One other point deserves mention. At last count, there are nine City agencies with super lien powers (Bagwell, New York City ‘Super Liens’, op. cit.). The provisions governing at least some of these agencies include language to the following effect: “Within thirty days after the issuance of a purchase or work order to cause such work to be done, entry of such order shall be made on the records of the department. Such entry shall constitute notice to all parties” (Administrative Code § 17-151 [a] [Department of Health]).

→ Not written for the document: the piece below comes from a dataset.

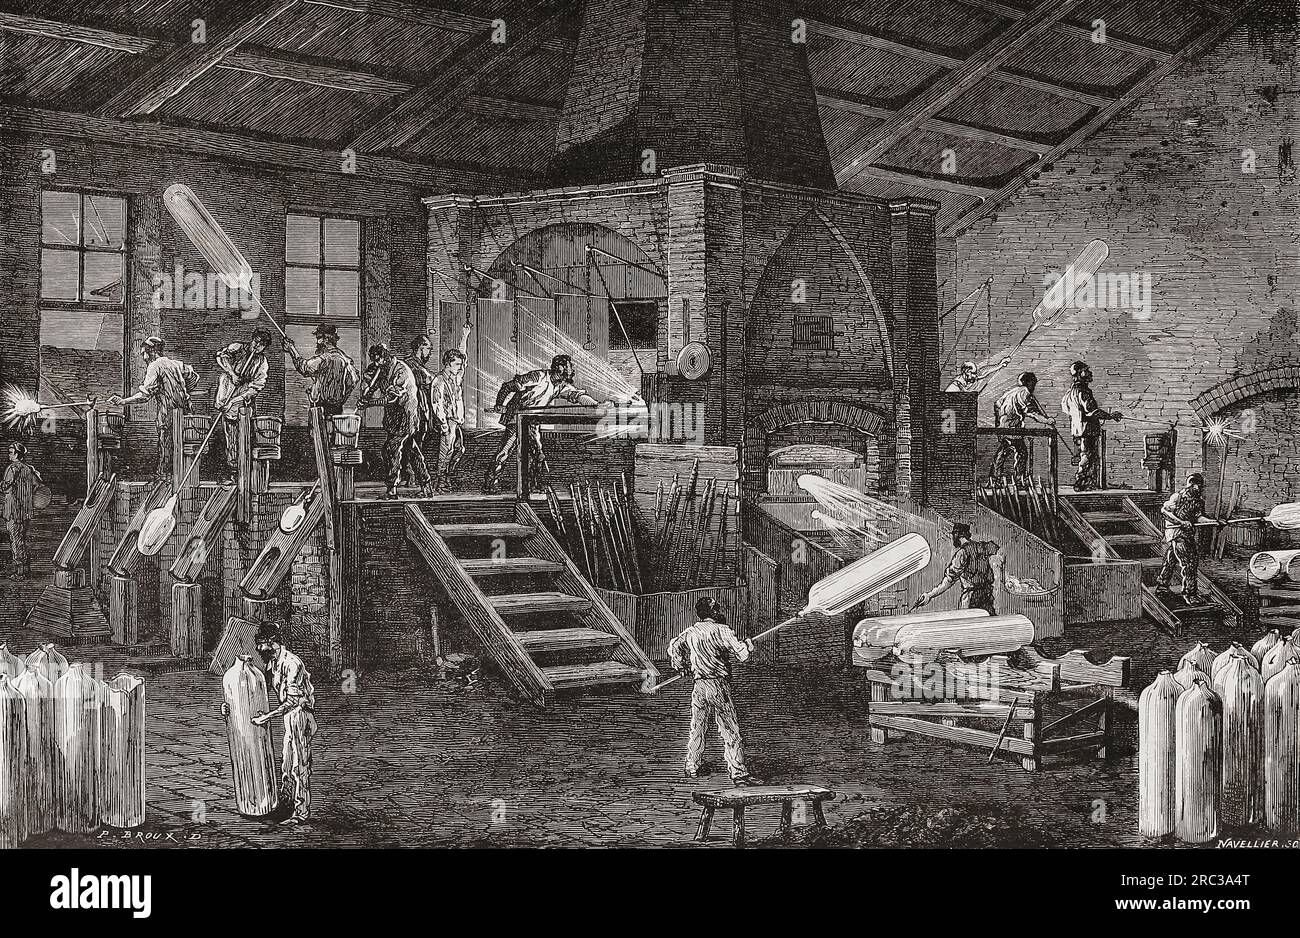 fabbrica di vetro del xix secolo che produce cilindri di vetro. Dopo un'illustrazione in Les merveilles de l'industrie, di Louis Figuier, pubblicata nel 1877. Foto Stock

One of the salutary purposes of a recording act or filing requirement is to furnish a prospective buyer with notice of an incumbrance on title or other facts that bear on the disposition and use of the property (e.g., Da Silva v Musso, supra, at 442 [notice of pendency]; Buffalo Academy of Sacred Heart v Boehm Bros., supra, at 250 [restrictive covenant]; Matter of State Tax Commn. v Shor, 43 NY2d, supra, at 156 [judgment lien]). The recording of the amount of a disbursement on the books and records maintained by a municipal department is notice only because the Administrative Code so provides; and that notice is reasonable only if the courts so hold. Where an obligation is recorded in one place, such as a judgment docketed in the *103County Clerk’s Office, it is reasonable to construe it as notice (e.g., Andy Assocs. v Bankers Trust Co., 49 NY2d 13, 21). But where a potential purchaser must canvass the internal records of various City departments to glean such knowledge, the reasonableness of the procedure is far from conclusive. It would therefore behoove the City to provide for the recording of its liens in a central register (preferably with the County Clerk) to obviate the risk that its methods will be found to offend the reasonable notice requirement of procedural due process (see, Matter of McCann v Scaduto, 71 NY2d 164; see also, Mullane v Central Hanover Bank & Trust Co., 339 US 306, 314-315; Sharrock v Dell Buick-Cadillac, 45 NY2d 152, 163).
Accordingly, the order of the Supreme Court should be affirmed.